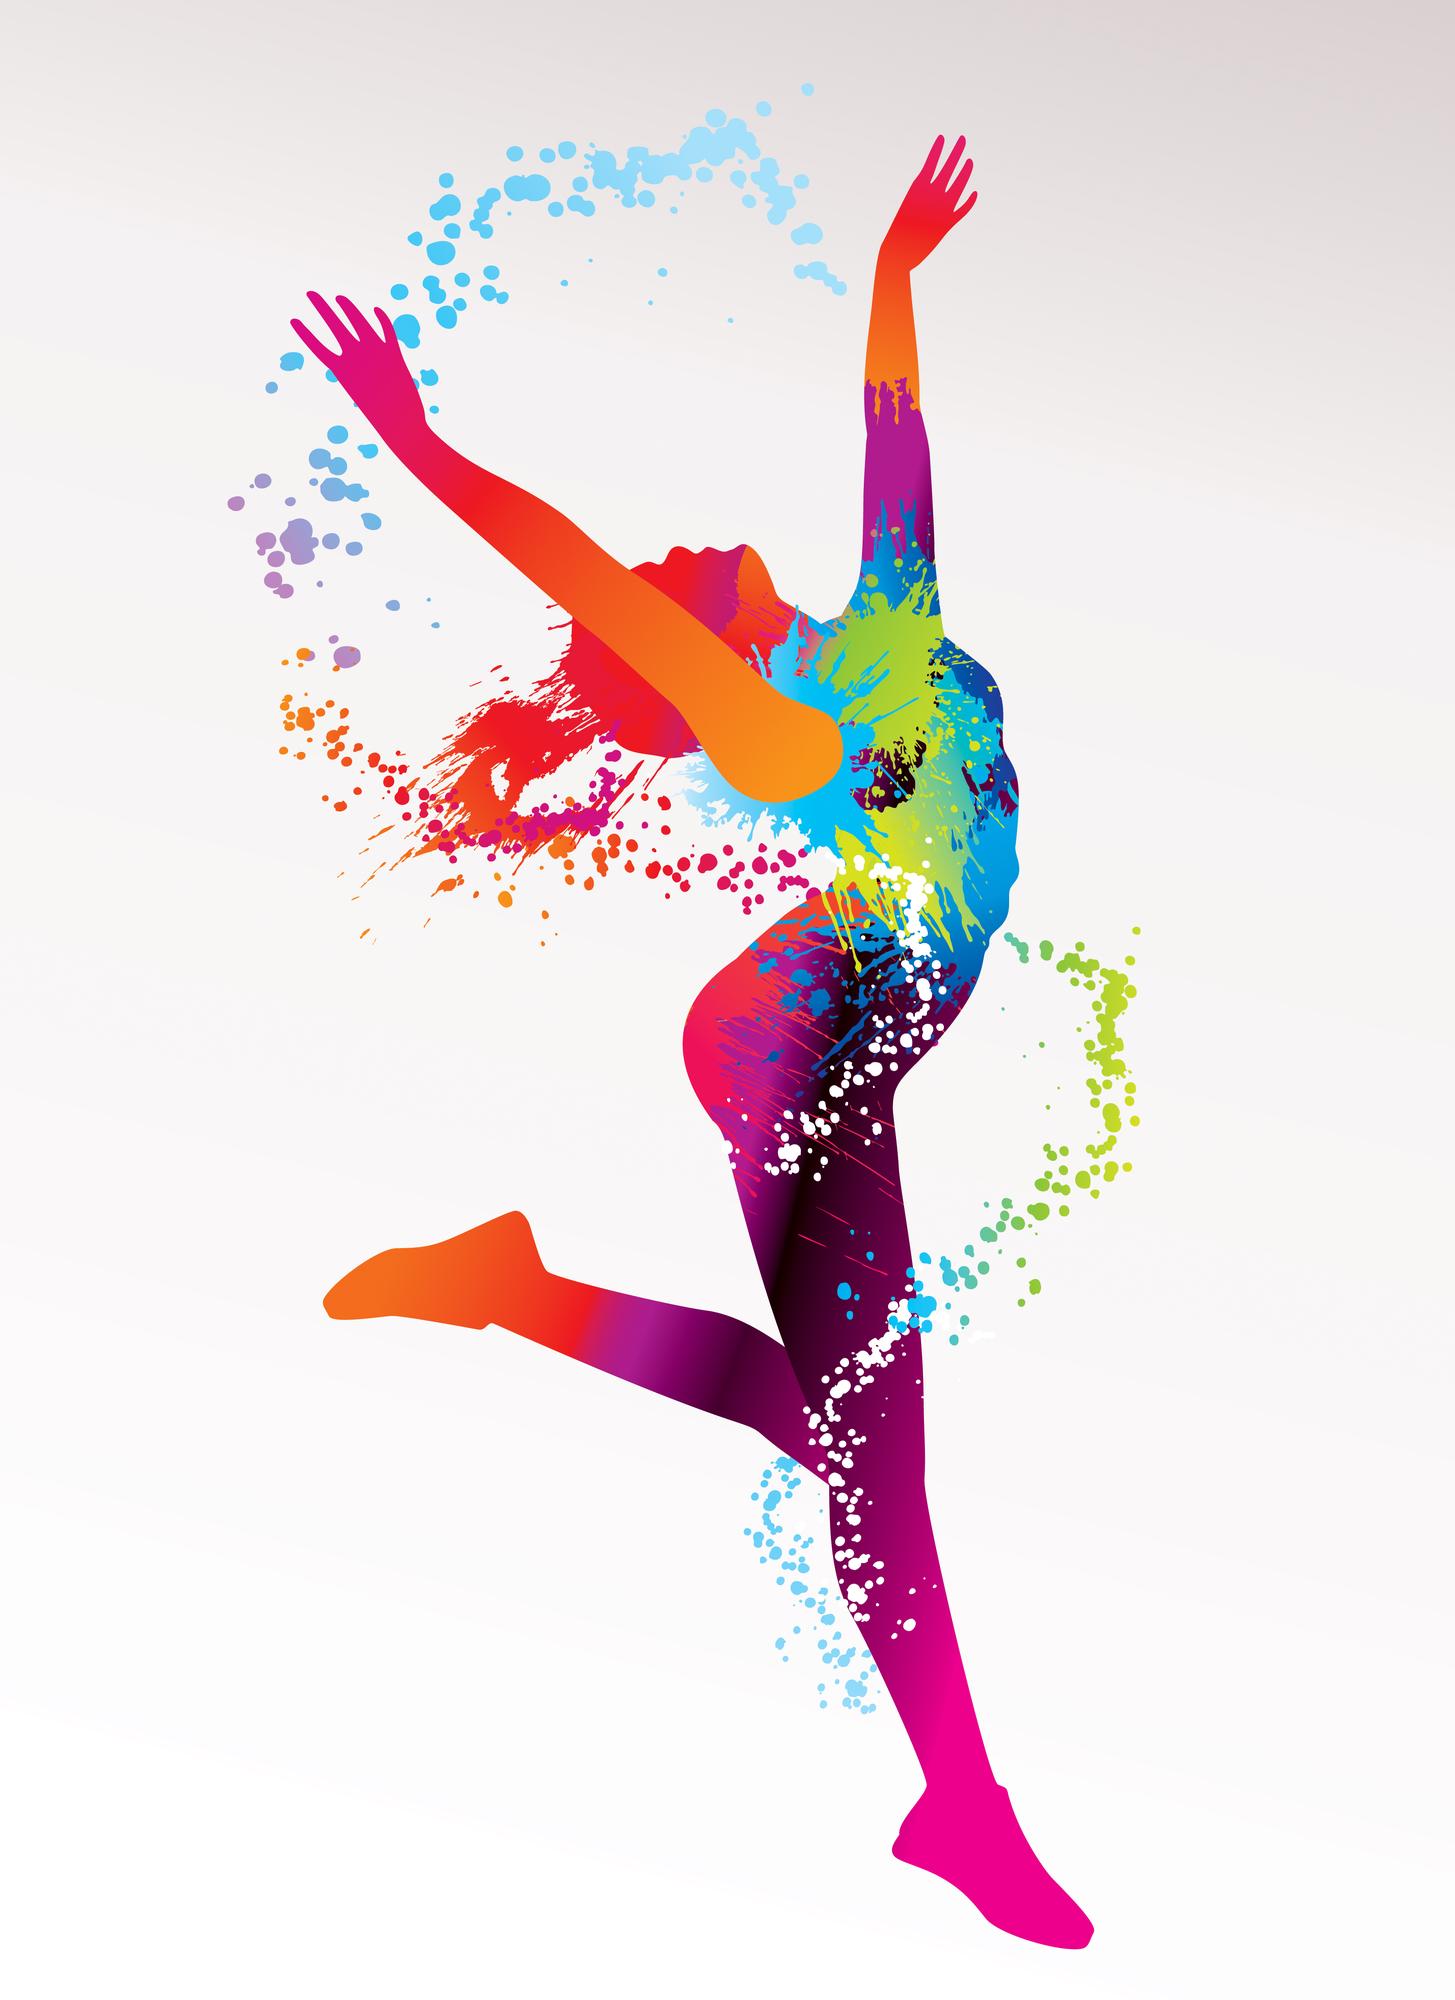 я танцую разноцветные картинки губы должны быть
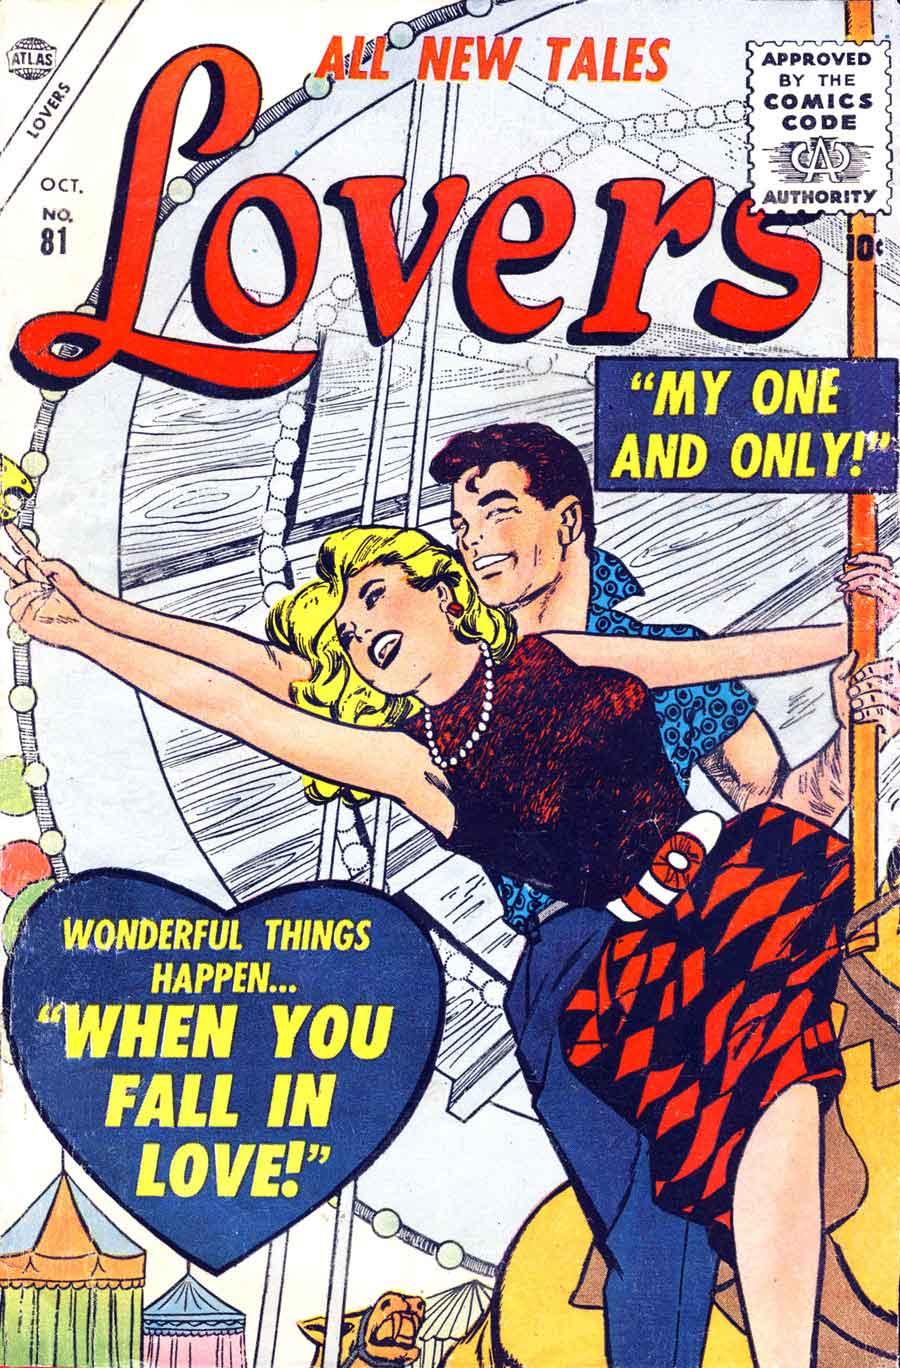 Lovers-81.jpg
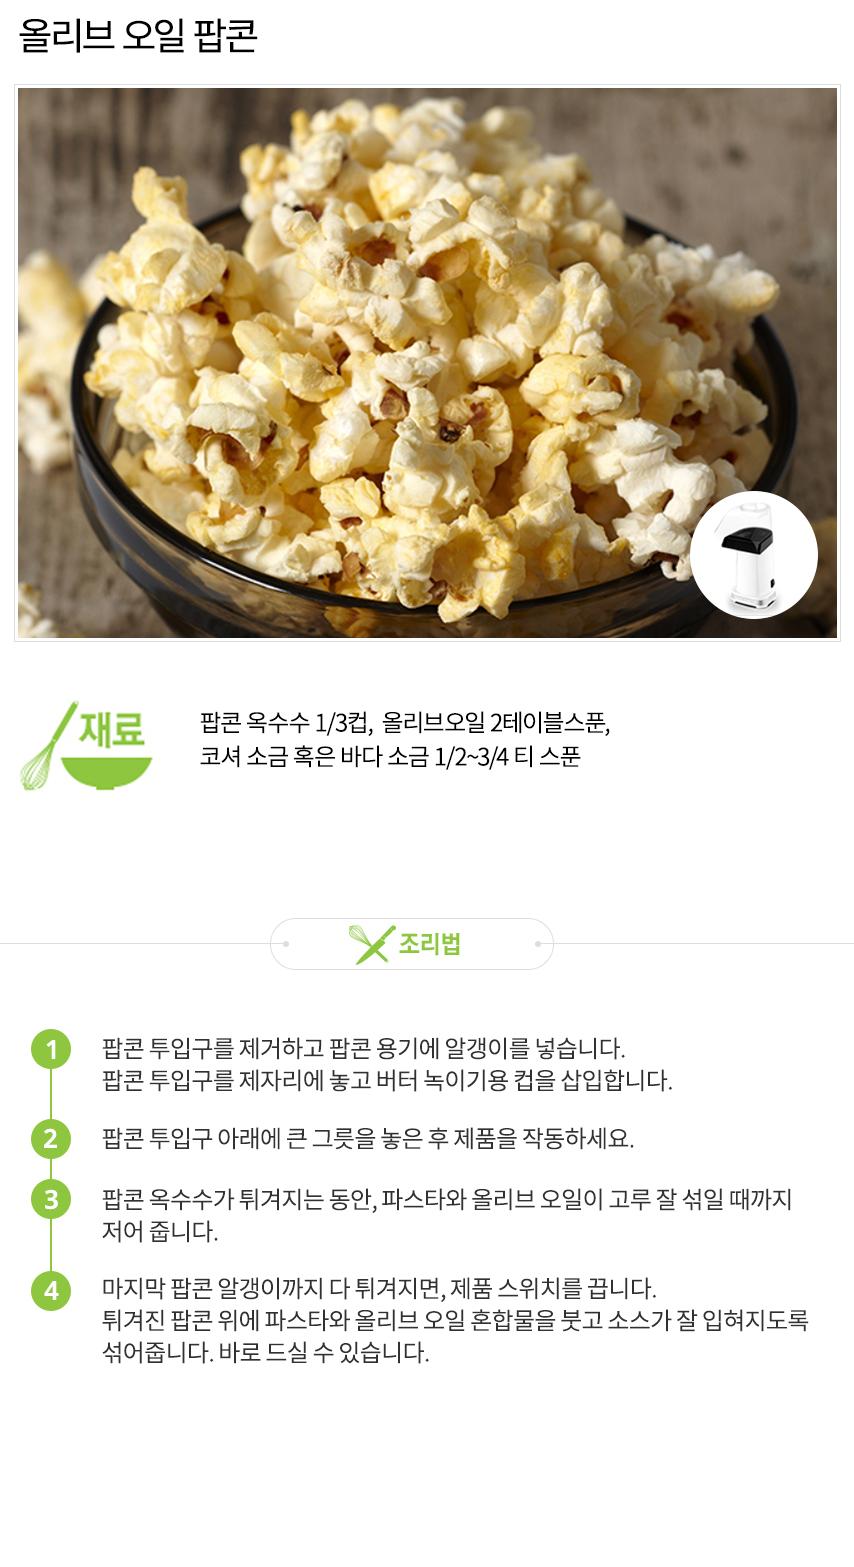 32_쿠진아트_레시피_리뉴얼_올리브오일팝콘.jpg

**Aim of the task**
Without the images, print all of the lines above exactly.

**Expected answer**
 я танцую разноцветные картинки губы должны быть
 Lovers-81.jpg
 32_쿠진아트_레시피_리뉴얼_올리브오일팝콘.jpg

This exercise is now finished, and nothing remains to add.